Au XIXe siècle, des quartiers entiers de Paris étaient abandonnés à la violence et la plupart des délinquants n'étaient pas vieux : il suffit de lire Balzac, ou les mémoires des gens du temps, pour voir qu'alors l'insécurité était beaucoup plus réelle que de nos jours.

*   *

La charnière entre la jeunesse et l’âge adulte est délicate. Le corps est au maximum de sa puissance. L’esprit est vif, la mémoire précise. Mais comme l’expérience n’a pas encore apporté ses enseignements la limite entre l’imaginaire et le réel est brouillée. La vie est, pour une part, comme un jeu vidéo. Une voiture qui brûle, c’est rigolo ; faire courir les policiers, c’est marrant ; détruire un équipement collectif, ça fait râler les adultes, ces êtres d’une autre planète qu'on jetterait volontiers par la fenêtre du train pour s’amuser comme l'ont fait dans les Caves du Vatican (1914) les héros d'André Gide (1869-1951), amateurs d'actes gratuits.

Je schématise bien sûr, mais si vous faites l’effort de revivre votre adolescence vous y retrouverez ces pulsions et vous remémorerez des sottises plus ou moins innocentes. Certaines vous font sourire, d’autres vous inspirent un remords cuisant car elles ont causé des souffrances.

Les émeutiers d’aujourd’hui vont mûrir eux aussi. Il faut les calmer fermement et doucement, tout comme l’on calme un petit enfant qui « pique sa crise ». La police use de sa force avec une retenue que j’admire : dans beaucoup d’autres pays elle aurait répondu aux tirs par des tirs et il y aurait eu des morts.

*    *

On ne dit pas assez que ces mêmes émeutiers, qui réclament à la société française la place qu’elle leur refuse, vont pouvoir s'ils le veulent trouver cette place sans trop de problèmes.
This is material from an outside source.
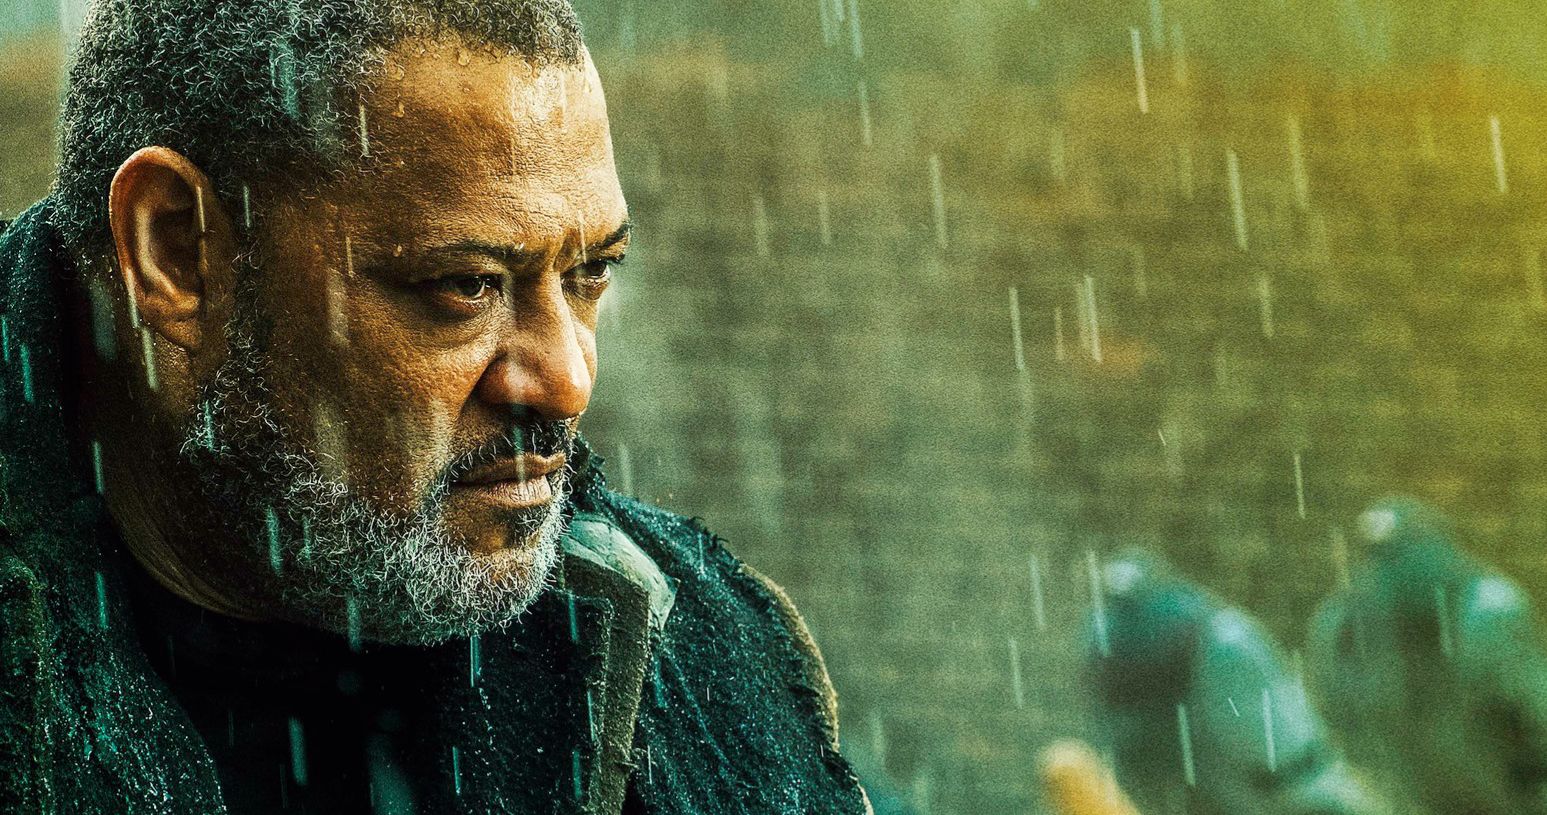 Laurence Fishburne Returns as the Bowery King in John Wick 4
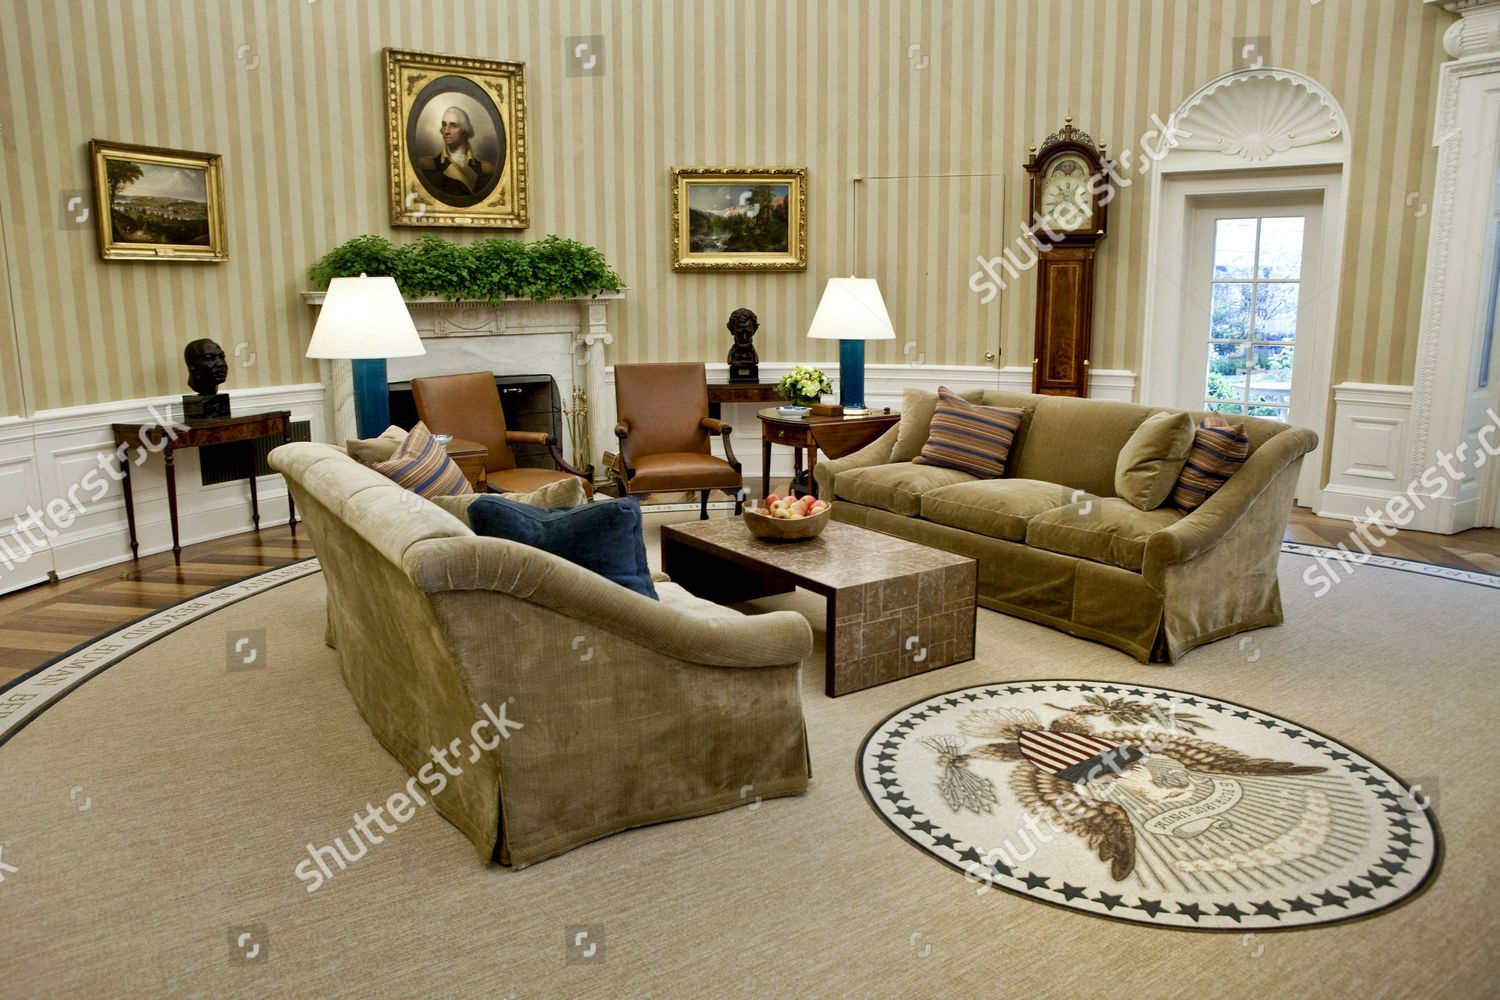 Redecorated Oval Office Editorial Stock Photo Stock Image

Si l’évolution démographique leur a été en effet jusqu’à présent défavorable, elle va bientôt leur ouvrir toutes grandes les portes de l’emploi (voir « simulations démographiques »).

Notre pyramide des âges, sculptée par les guerres et le baby-boom, a comporté en effet une forte proportion de personnes d’âge actif au moment où la génération issue de l’immigration est arrivée à l’âge de l’emploi. Mais dès 2010 la France va commencer à manquer de bras (et de têtes). Déjà le chômage a amorcé sa décrue. Beaucoup de personnes sont étonnées quand on dit qu'il faudra bientôt relancer l’immigration mais c'est pourtant bien le cas.

Le marché du travail devient ainsi favorable aux populations nouvelles. Il reste à souhaiter que l’explosion de ces derniers jours, depuis longtemps prévue par ceux qui connaissent les ghettos pour immigrés, sera un signal pour les politiques et qu’ils sauront s’abstraire de l’électoralisme pour agir en gestionnaires avisés et vigilants. Il faut espérer aussi que nous saurons renoncer au mélange hypocrite de bons sentiments (en théorie) et de condescendance teintée de mépris (en pratique) qui fonde notre attitude envers ceux qui ne nous semblent « pas comme nous ».